Apameia is a great emporium of Asia, I mean Asia in the special sense of that term,1
and ranks second only to Ephesus; for it is a common entrepôt for the merchandise from both Italy and Greece. Apameia is situated near the outlets of the Marsyas River, which flows through the middle of the city and has its sources in the city;2
it flows down to the suburbs, and then with violent and precipitate current joins the Maeander. The latter receives also another river, the Orgas, and traverses a level country with an easygoing and sluggish stream; and then, having by now become a large river, the Maeander flows for a time through Phrygia and then forms the boundary between Caria and Lydia at the Plain of Maeander, as it is called, where its course is so exceedingly winding that everything winding is called "meandering." And at last it flows through Caria itself, which is now occupied by the Ionians, and then empties between Miletus and Priene.

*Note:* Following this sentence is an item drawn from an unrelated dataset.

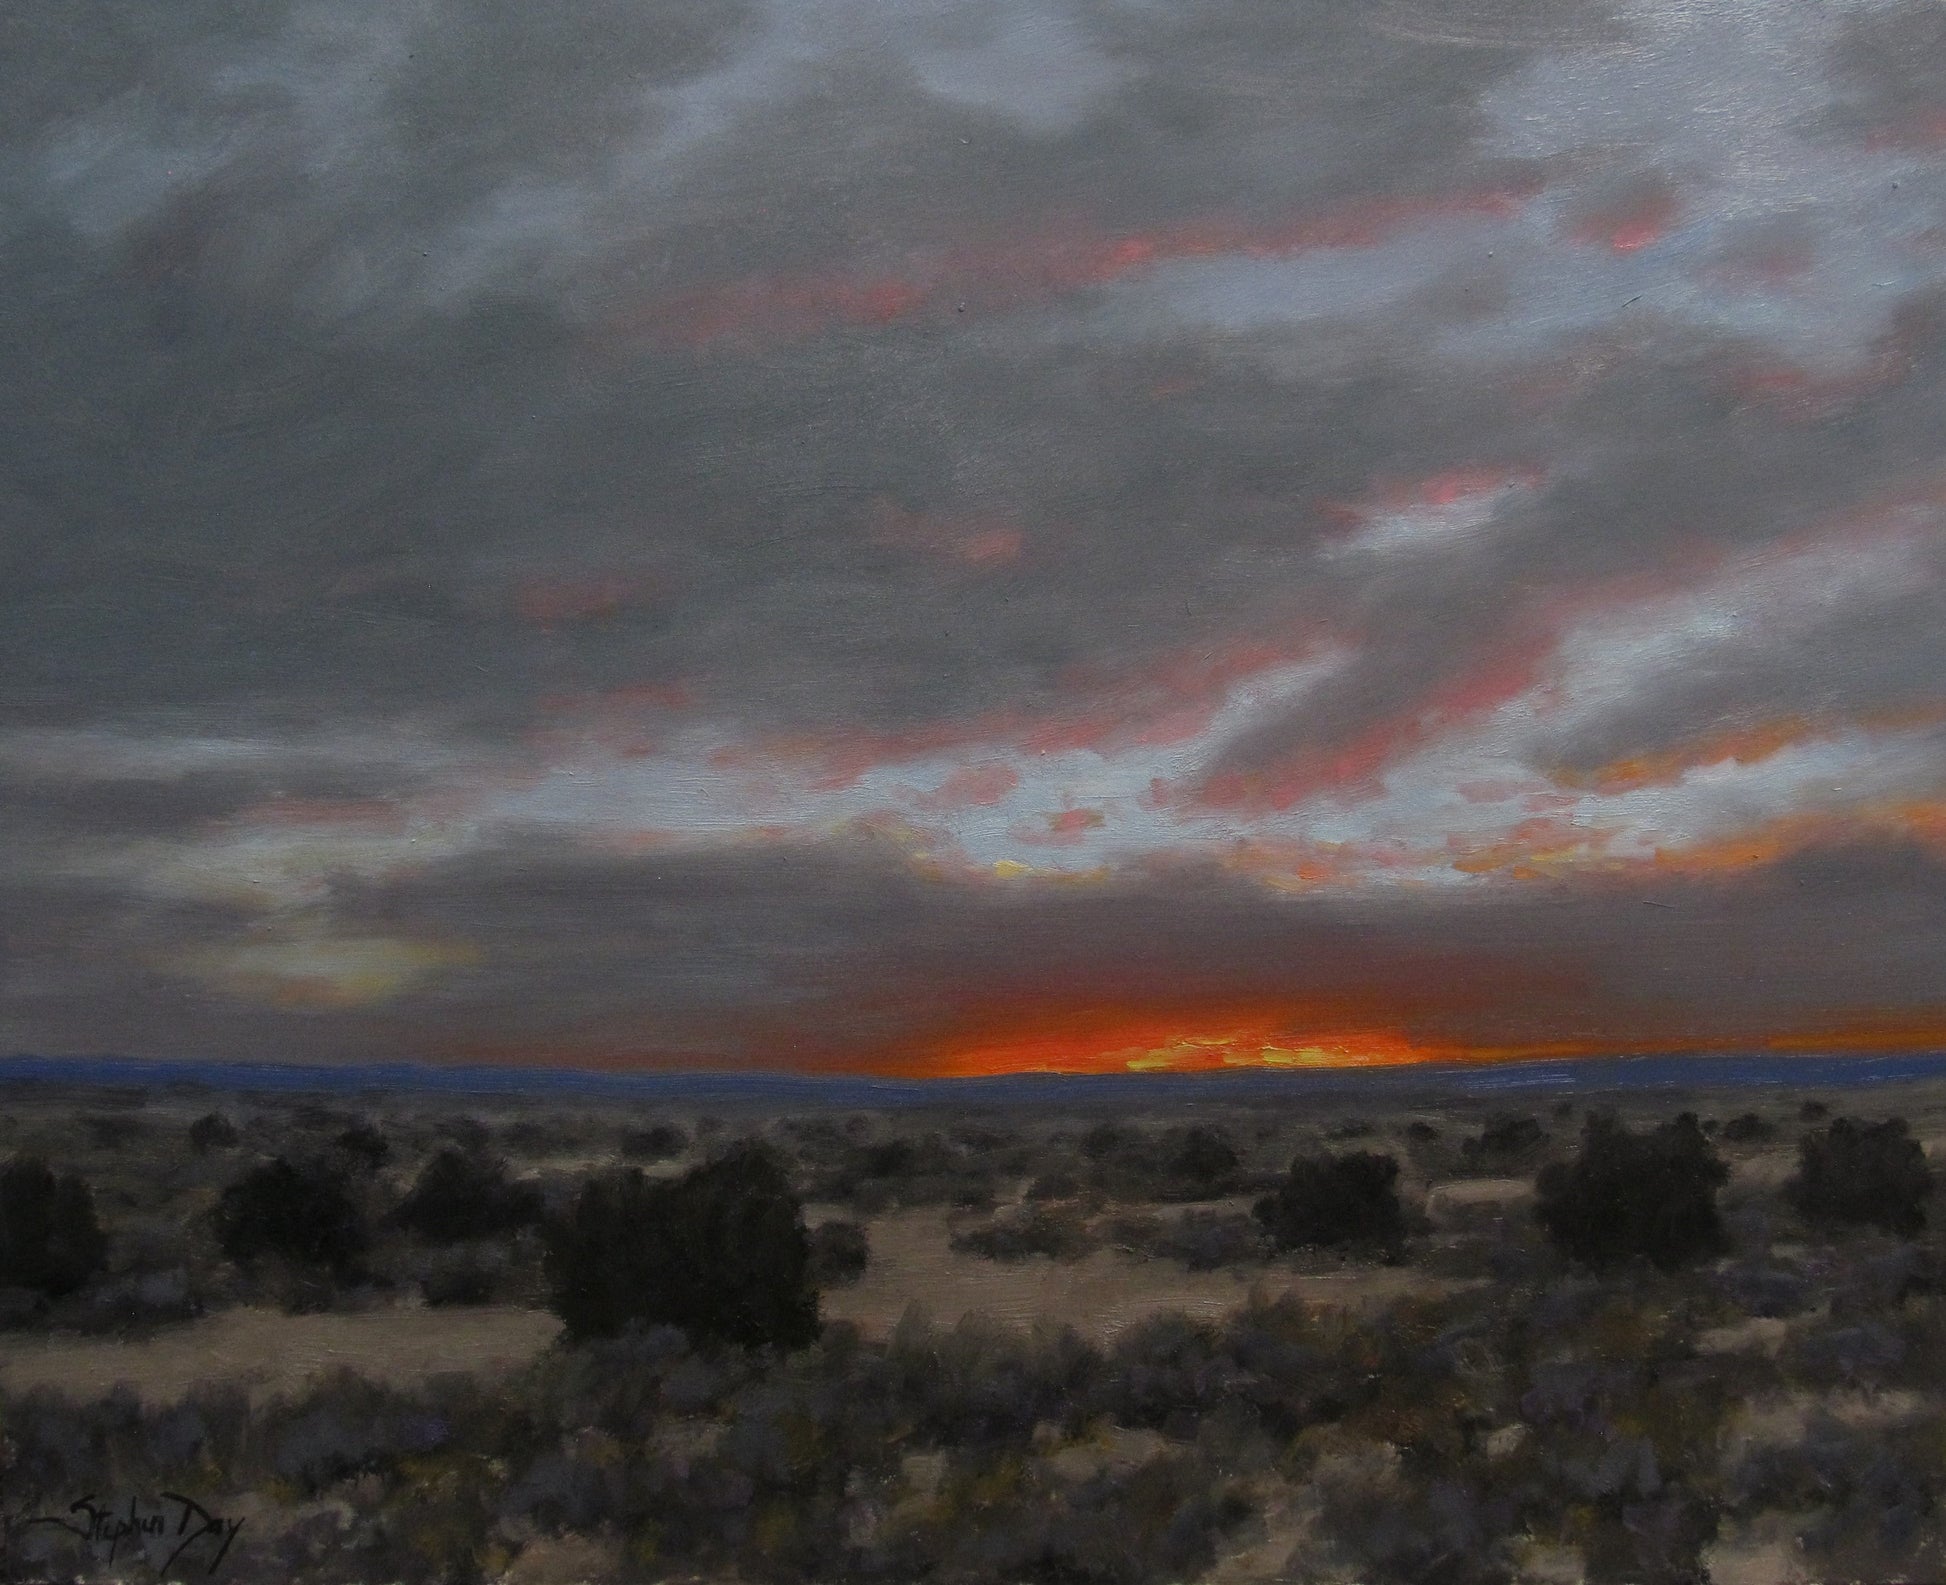 Distant Light-Painting-Stephen Day-Sorrel Sky Gallery

It rises in a hill called Celaenae, on which there is a city which hears the same name as the hill; and it was from Celaenae that Antiochus Soter3
made the inhabitants move to the present Apameia, the city which he named after his mother Apama, who was the daughter of Artabazus and was given in marriage to Seleucus Nicator. And here is laid the scene of the myth of Olympus and of Marsyas and of the contest between Marsyas and Apollo. Above is situated a lake which produces the reed that is suitable for the mouth-pieces of pipes; and it is from this lake that pour the sources of both the Marsyas and the Maeander.